I nuovi orientamenti della cinematografia italiana del dopoguerra segnano senza dubbio un capitolo tutto a favore dei produttori e degli industriali della celluloide, capitolo che qualcuno s’è fatto premura di intitolare “I milioni del neo-realismo”. Milioni che finiscono sempre più copiosamente nelle tasche di coloro che, in definitiva, merito non hanno per gli imponenti successi di quella che passa per la scuola ufficiale del cinema nostrano, perché non può essere considerato un merito (in sede artistica) il fatto di investire cinquanta milioni in un’avventura dello schermo quando si sa, con la garanzia di una società distributrice di pellicole, che i milioni spesi per un certo film verranno, nel peggiore dei casi, moltiplicati per cinque volte, con un guadagno del 500 per cento. La storia del neo-realismo italiano, lasciando da parte l’attività personale di tre o quattro dei migliori registi (Rossellini, Lattuada, De Sica, Visconti o Zampa), è semplicemente una storia di milioni.

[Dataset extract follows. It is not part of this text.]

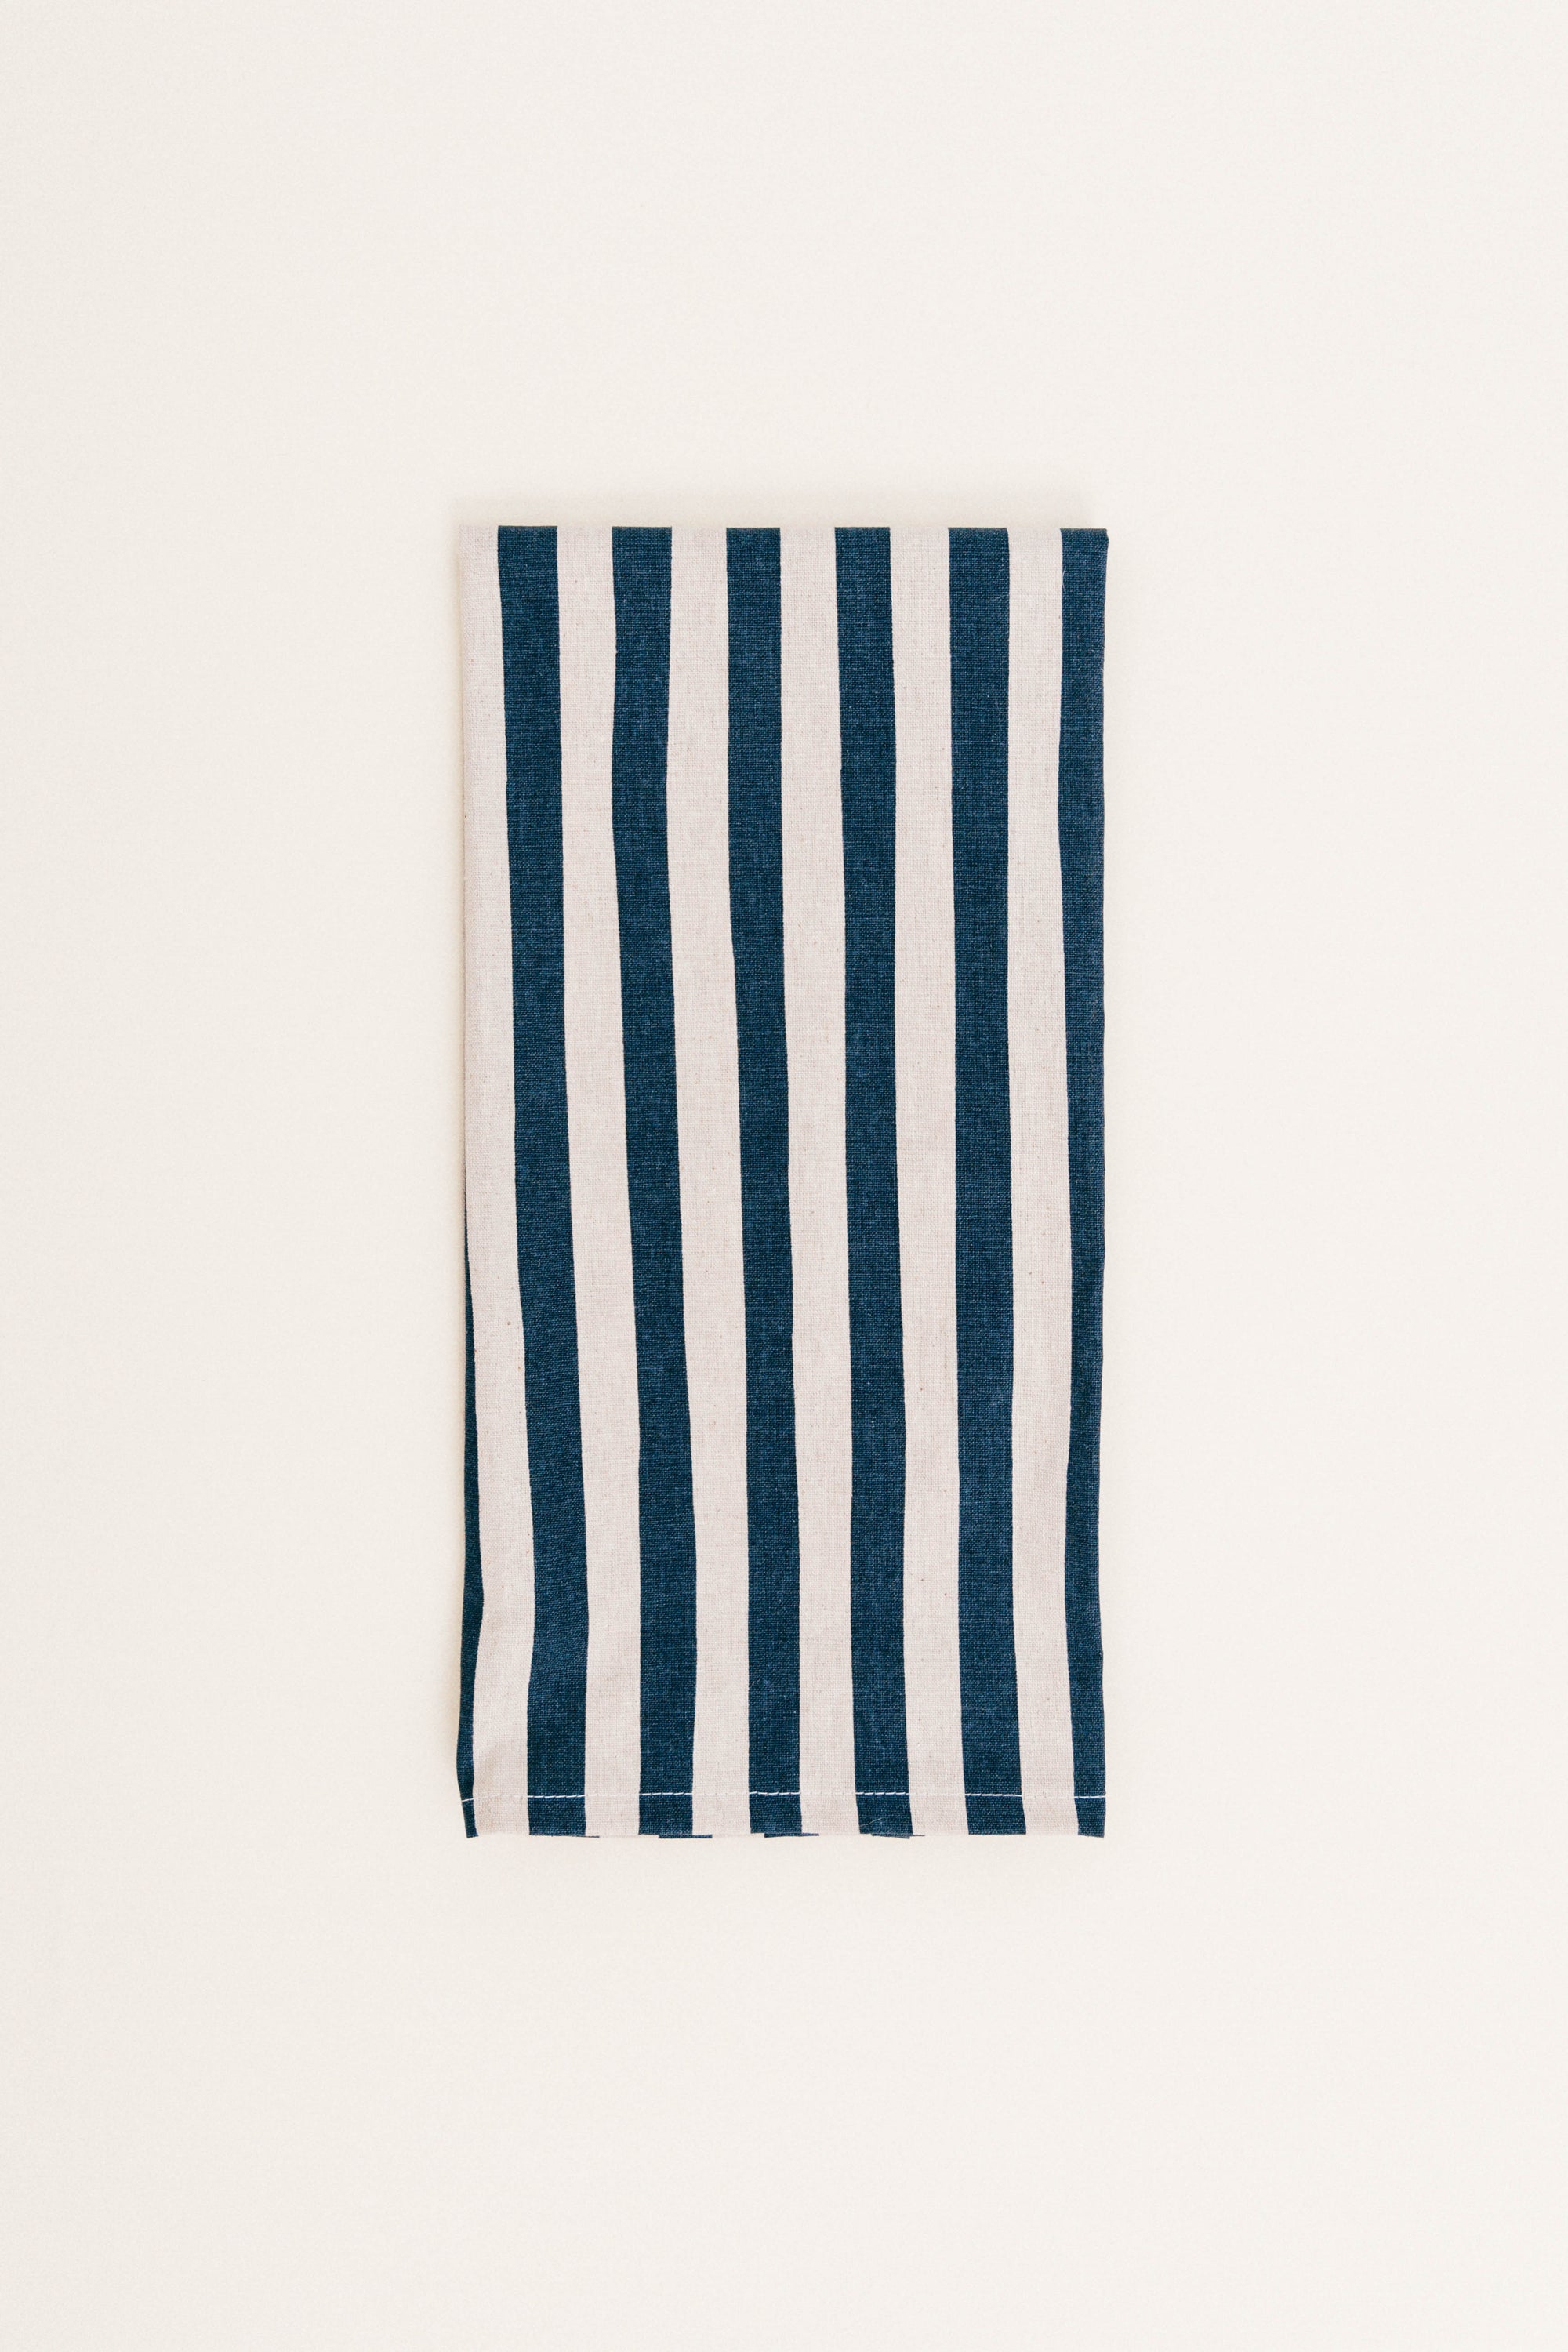 Modern Print Dish Towel Navy Stripe

Verso l’estate del ’46, una parte di industriali italiani si accorse un certo giorno che “buttare” un gruzzolo di milioni sul piatto della bilancia cinematografica, costituiva un’intelligente originale maniera per coprire i rischi della propria contabilità. L’allarme, per questa sparuta schiera di pionieri della “speculazione alla celluloide”, fu dato dal successo del primo film di Rossellini, quando corse la voce che Roma città aperta era stato girato con la misera somma di 13 milioni. Se è vero che in Italia il film non ottenne successi lusinghieri e se un grosso numero dei nostri aulici “scrittori schermografici” fu pronto a sentenziare « film da dilettanti, realizzato con mezzi dilettanteschi idonei al massimo per il passo ridotto », il film di Rossellini trionfò in America e ben presto, all’orecchio dei produttori in nuce che cominciavano a passeggiare ai margini dell’ambiente del cinema romano, giunse come una cannonata, una cifra sbalorditiva: nella sola città di New York, in proiezioni di prima e seconda visione, il film fruttò al noleggiatore quasi dodicimila dollari, quanto cioè in Italia, a Roma, era stato speso per realizzarlo. Con il graduale ritorno all’economia di pace, con gli scambi e l’esportazione di pellicole, i nostri produttori orecchianti scoprirono che nel paese delle 48 repubbliche stellate l’industria cinematografica era al terzo posto nella scala delle attività nazionali dello Stato che ha la più organizzata economia del mondo, dopo l’industria delle automobili e del petrolio.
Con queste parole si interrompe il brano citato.